Our findings suggest that providers play a critical role in recommending credible self-management options for older veterans in addition to providing traditional psychotherapy interventions. Recommendations should include multiple self-management delivery options to meet older veterans’ preferences. With over fifty percent interested in Internet or mobile apps, it is important that providers offer existing digital mental health interventions to older veterans; however, special consideration is needed for rural individuals who may not be as interested in mobile apps. Recommending these interventions may necessitate technology training for providers or health coaches, new models of behavioral health delivery, and making instructional support for technology available within health care systems.
Supplementary Material
Key-points.
This study investigated older military veterans’ ownership of devices and modality preferences for technology-delivered mental health self-management interventions.
Older veterans reported high rates of technology ownership. Thirty-five percent preferred printed materials for self-management, whereas the remaining majority preferred some form of technology for accessing a mental health self-management intervention.
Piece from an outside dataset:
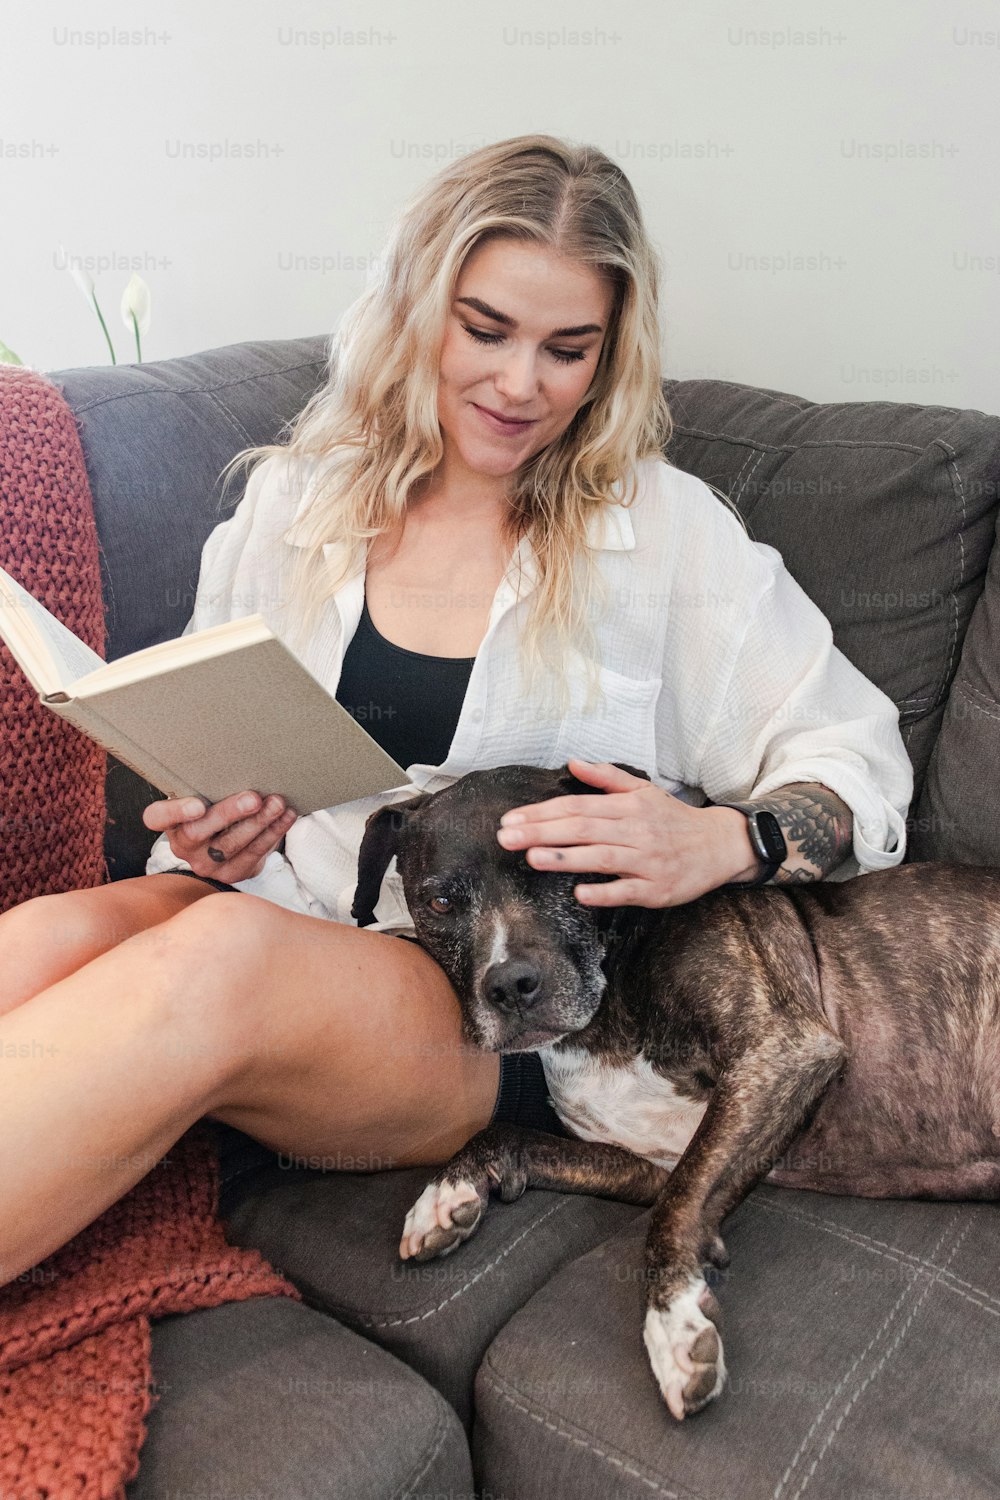 Una mujer sentada en un sofá leyendo un libro con su perro

Qualitative findings suggest that technology training, and particularly provider support may facilitate the use of self-management interventions.
Acknowledgements:
The authors wish to thank Sujatha Kalle, MBBS, for assistance with comorbidity ratings. This work was supported by a Career Development Award (IK2 RX001478; PI: Gould) from the United States (U.S.) Department of Veterans Affairs Rehabilitation Research and Development Service. Views expressed in this article are those of the authors and not necessarily those of the Department of Veterans Affairs or the Federal Government.
Aimee Marie Zapata is now at Kaiser Permanente, Department of Psychiatry, San Jose, CA. Julia Loup is now at University of Alabama, Tuscaloosa, Department of Psychology.
Conflicts of Interest Summary:
Dr. Gould reports grants from Department of Veterans Affairs, Rehabilitation Research and Development Service, during the conduct of the study. Ms. Loup, Ms. Ma, and Drs. Kuhn, Beaudreau, Goldstein, Wetherell, Zapata, Choe, and O’Hara have nothing to disclose.
Footnotes
The data that support the findings of this study are available from the corresponding author upon reasonable request.